Consider the growers in the Pacific Northwest from whom we typically purchase onions to make our pasta sauces and salsas. They experienced extreme heat during Oregon’s 2021 growing season. This affected yields. And we had to look at alternate areas (and even countries) from which to obtain ingredients to make up shortfalls. By staying very close with a strategic supplier, as we did, manufacturers can let growers know what’s needed. They, in turn, can incorporate this before planting vegetables like onions. We’re also in constant contact with suppliers to get data on estimated yields per acre, throughout the growing season. Onions are a crop our suppliers traditionally store, dice, and deliver as we need it. The extreme heat in 2021 caused some stored onions to begin spoiling before our supplier could dice them for us. So, as soon as our supplier realized the produce was going bad, they worked with us to put in place a procedure to process all the onions in advance and hold an inventory of what we needed but didn’t immediately require. Open communication and flexibility helped us collectively rework the process, enable a continuity of supply, and prevent a shortage.

Unpredictable weather also creates new dynamics for us and our interconnected web of suppliers to produce one jar of our sauce. As temperatures rose in California this spring, last winter’s snowpack quickly became torrents of water. The deluge affected tomato growers who had to put their crops in the ground three to four weeks later than normal. With monthly, even weekly, conversations between our tomato suppliers and purchasing team, we’re closely watching how the season is unfolding via the predicted yields per acre and caliber of produce. We then update our customers.

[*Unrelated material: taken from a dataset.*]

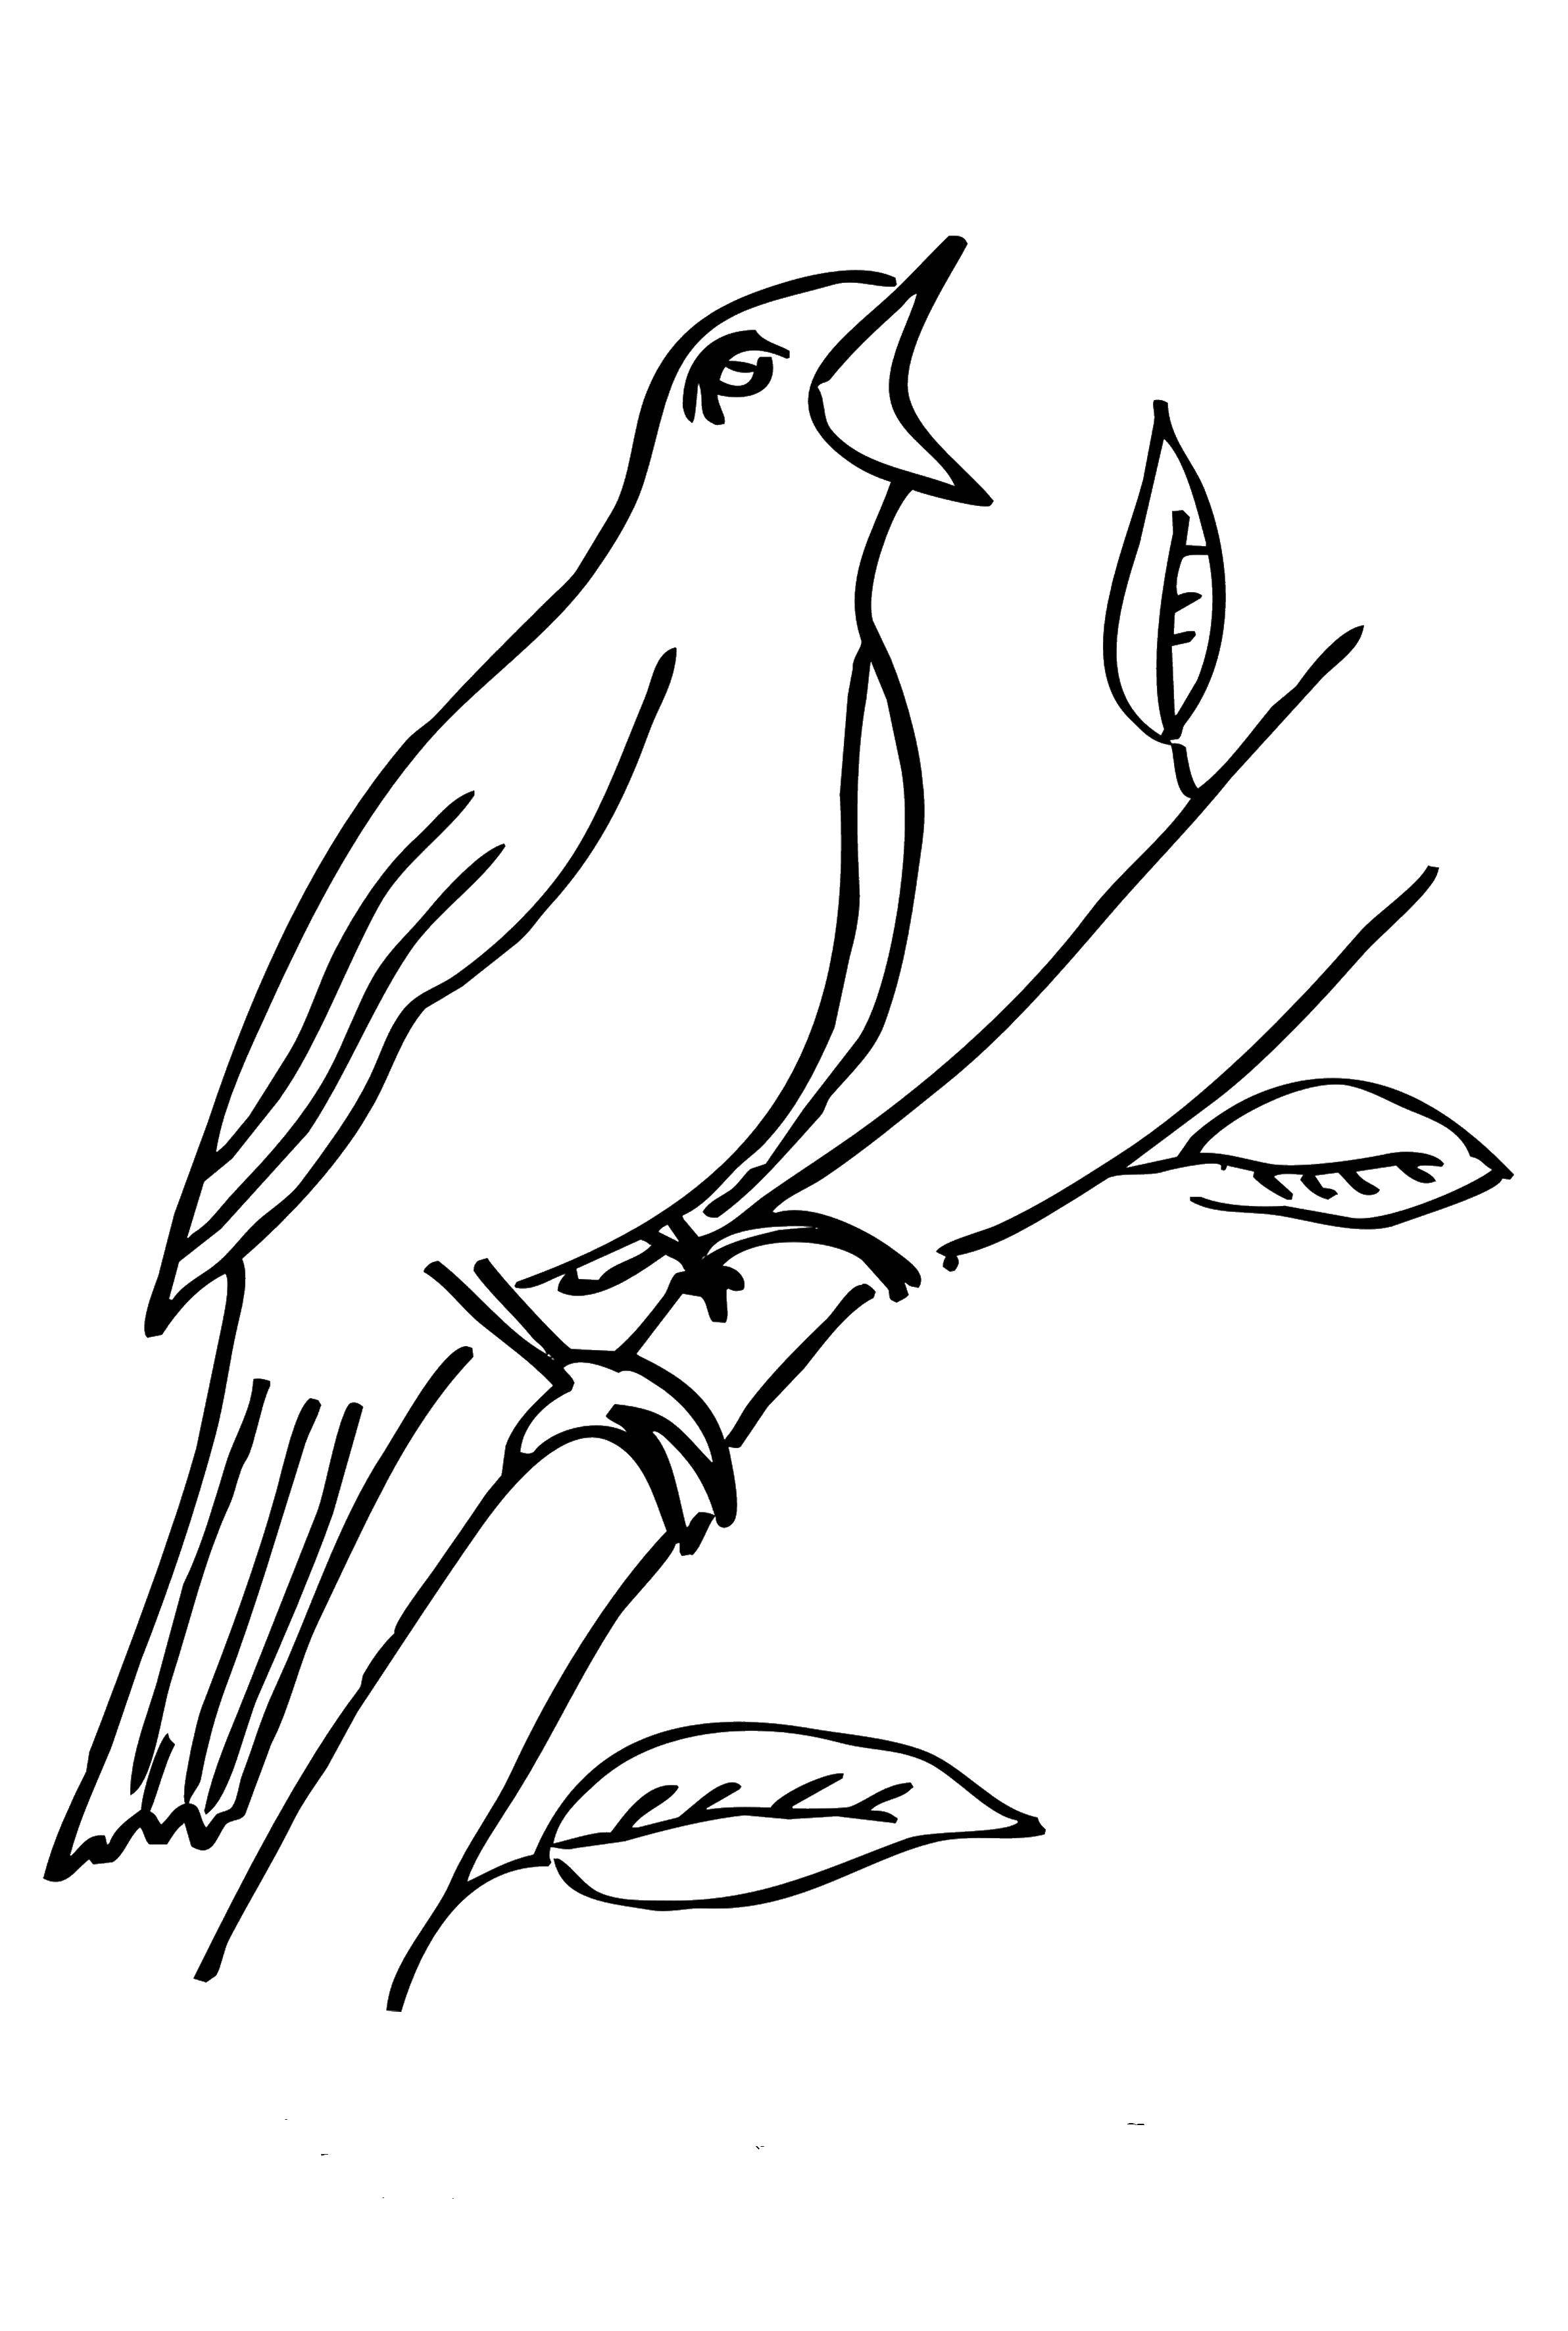 Coloring Bird on a branch. Category birds. Tags:  bird.

Diversify to mitigate issues

When the manufacturer-supplier relationship runs aground, the root cause is typically with one of the legs on our supplier stool. If, for example, the Brix measurement on a sucrose delivery is less than what we need for a recipe, especially if we’re working with a just-in-time process, a quality issue like that can halt one of our lines. That triggers added costs. A way to mitigate challenges is for manufacturers to sort their suppliers into categories like partners, strategic suppliers, and transactional vendors. As a manufacturer develops its relationships, managers can determine when suppliers move up or down the hierarchy based on their fit and function.  

Take tomatoes and onions for example. A manufacturer could have a couple of key strategic partners that handle planting, growing, harvesting, storing, packaging, and shipping (i.e., the whole spectrum) along with some transactional suppliers that help with the ebb and flow created by, say, consumer demand, weather, or the economy. Some of the transactional partners will have the chance to prove themselves and step into a strategic relationship where a manufacturer can evaluate them. Ultimately, a supplier becomes strategic because they add value (e.g., offering various pack sizes to create efficiencies). For some strategic suppliers, adding value could be offering transparent pricing or elasticity with contracts. Let’s say my company didn’t need as much volume in a particular contract period. A strategic supplier might look at that situation and adjust or amend our contract, so it’s not punitive for us when we can’t buy as much as we initially signed up for. If the relationship is built on trust, then we’ll remember those favorable terms, the supplier’s flexibility, and make up ground later. 

When you invite a supplier to understand your business and they accept that invitation, they begin to see the greater context for what’s needed and why. Suppliers like this can then recommend products or services to augment what you’ve already purchased. They can see where the future of your business is going and help you get there — it’s a route to solving problems and achieving better quality. 

Matthew Colmerauer is Director of Procurement and Logistics for LiDestri Foods, a leading private label and contract manufacturer of food and beverages. Colmerauer earned his master’s degree in global operations management from Clarkson University.